Thank you!  I had been working on some other changes myself, and merged
most of your changes.  I give you v8.

> * renamed id glossary-temporary-tables to glossary-temporary-table

Good.

> * temporarily re-added an id for glossary-row as we have many references to
> that. unsure if we should use the term Tuple in all those places or say Row
> while linking to glossary-tuple, or something else

I changed these to link to glossary-tuple; that entry already explains
these two other terms, so this seems acceptable.

> * temporarily re-added an id for glossary-segment, glossary-wal-segment,
> glossary-analytic-function, as those were also referenced and will need
> similar decisions made

Ditto.

> * added a stub entry for glossary-unique-index, unsure if it should have a
> definition on it's own, or we split it into unique and index.

I changed Unique Index into Unique Constraint, which is supposed to be
the overarching concept.  Used that in the definition of primary key.

> * I noticed several cases where a glossterm is used twice in a definition,
> but didn't de-term them

Did that for most I found, but I expect that some remain.

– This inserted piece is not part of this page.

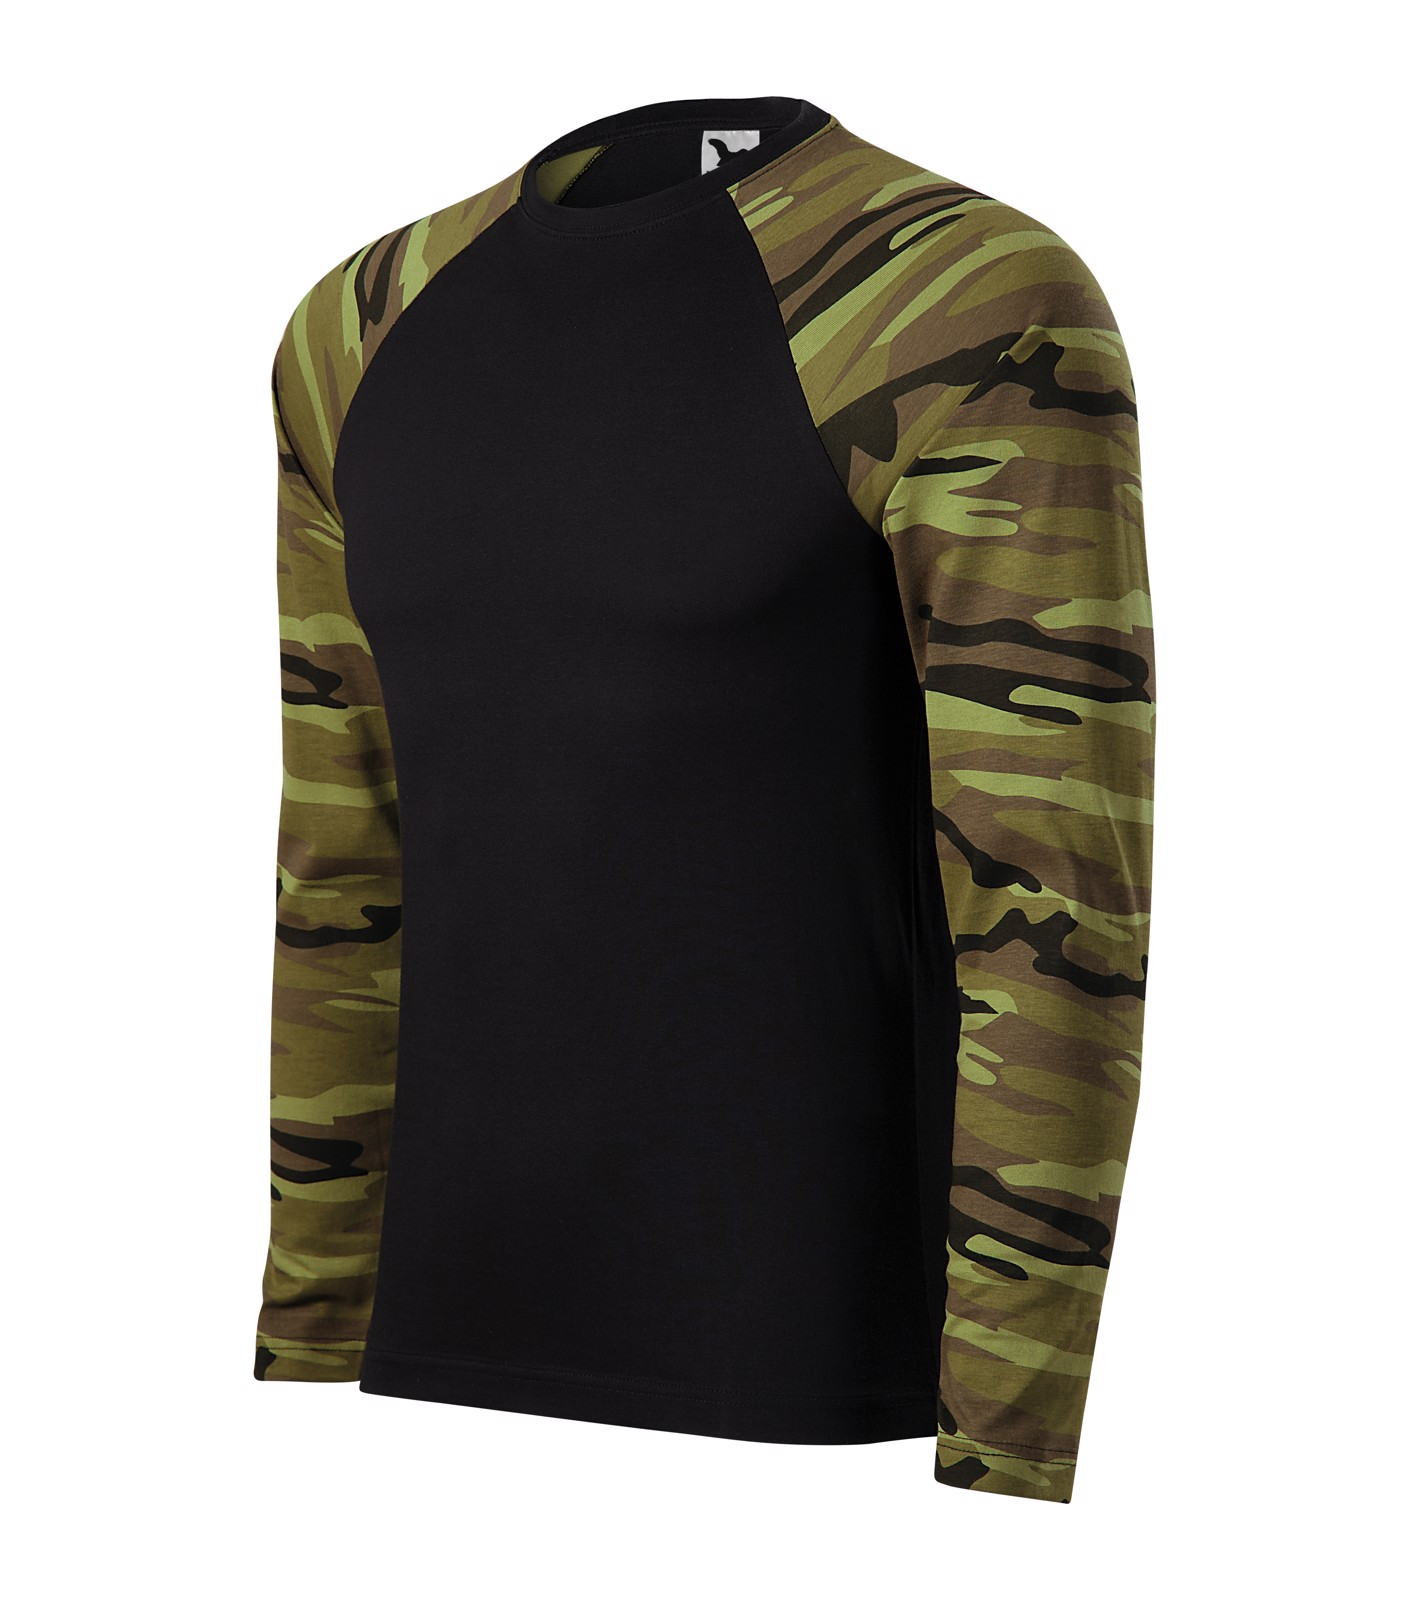 T-shirt unisex Malfini Camouflage LS - Camouflage Green / XL

> * I'm curious about how we should tag a term when using it in its own
> definition. same as anywhere else?

I think we should not tag those.

I fixed the definition of global object as mentioned previously.  Also
added "client", made "connection" have less importance compared to
"session", and removed "window frame" (made "window function" refer to
"partition" instead).  If you (or anybody) have suggestions for the
definition of "client" and "session", I'm all ears.

I'm quite liking the result of this now.  Thanks for all your efforts.

-- 
Álvaro Herrera                https://www.2ndQuadrant.com/
PostgreSQL Development, 24x7 Support, Remote DBA, Training & Services

Attachment

Re: Add A Glossary

From
Justin Pryzby
Date:
On Thu, Apr 02, 2020 at 07:09:32PM -0300, Alvaro Herrera wrote:
> "partition" instead).  If you (or anybody) have suggestions for the
> definition of "client" and "session", I'm all ears.

We already have Session:
    A Connection to the Database. 

I propose: Client:
    A host (or a process on a host) which connects to a server to make
queries or other requests.

But note, "host" is still defined as "server", which I didn't like.

Maybe it should be:
    A computer which may act as a >client< or a >server<.

-- 
Justin



Re: Add A Glossary

From
Alvaro Herrera
Date:
Pushed now.  Many thanks to Corey who put the main thrust, and to Jürgen
and Roger for the great help, and to Justin for the extensive review and
Fabien for the initial discussion.

This is just a starting point.  Let's keep improving it.  And how that
we have it, we can start thinking of patching the main part of the docs
to make reference to it by using <glossterm> in key spots.  Right now
the glossary links to itself, but it makes lots of sense to have other
places point to it.

On 2020-Apr-02, Justin Pryzby wrote:

> We already have Session:
>     A Connection to the Database. 

Yes, but I didn't like that much, so I rewrote it -- I was asking for
suggestions on how to improve it further.  While I think we use those
terms (connection and session) interchangeably sometimes, they're not
exactly the same and the glossary should be more precise or at least
less vague about the distinction.

> I propose: Client:
>     A host (or a process on a host) which connects to a server to make
> queries or other requests.
> 
> But note, "host" is still defined as "server", which I didn't like.
> 
> Maybe it should be:
>     A computer which may act as a >client< or a >server<.

I changed all these terms, and a few others, added a couple more and
commented out some that I was not happy with, and pushed.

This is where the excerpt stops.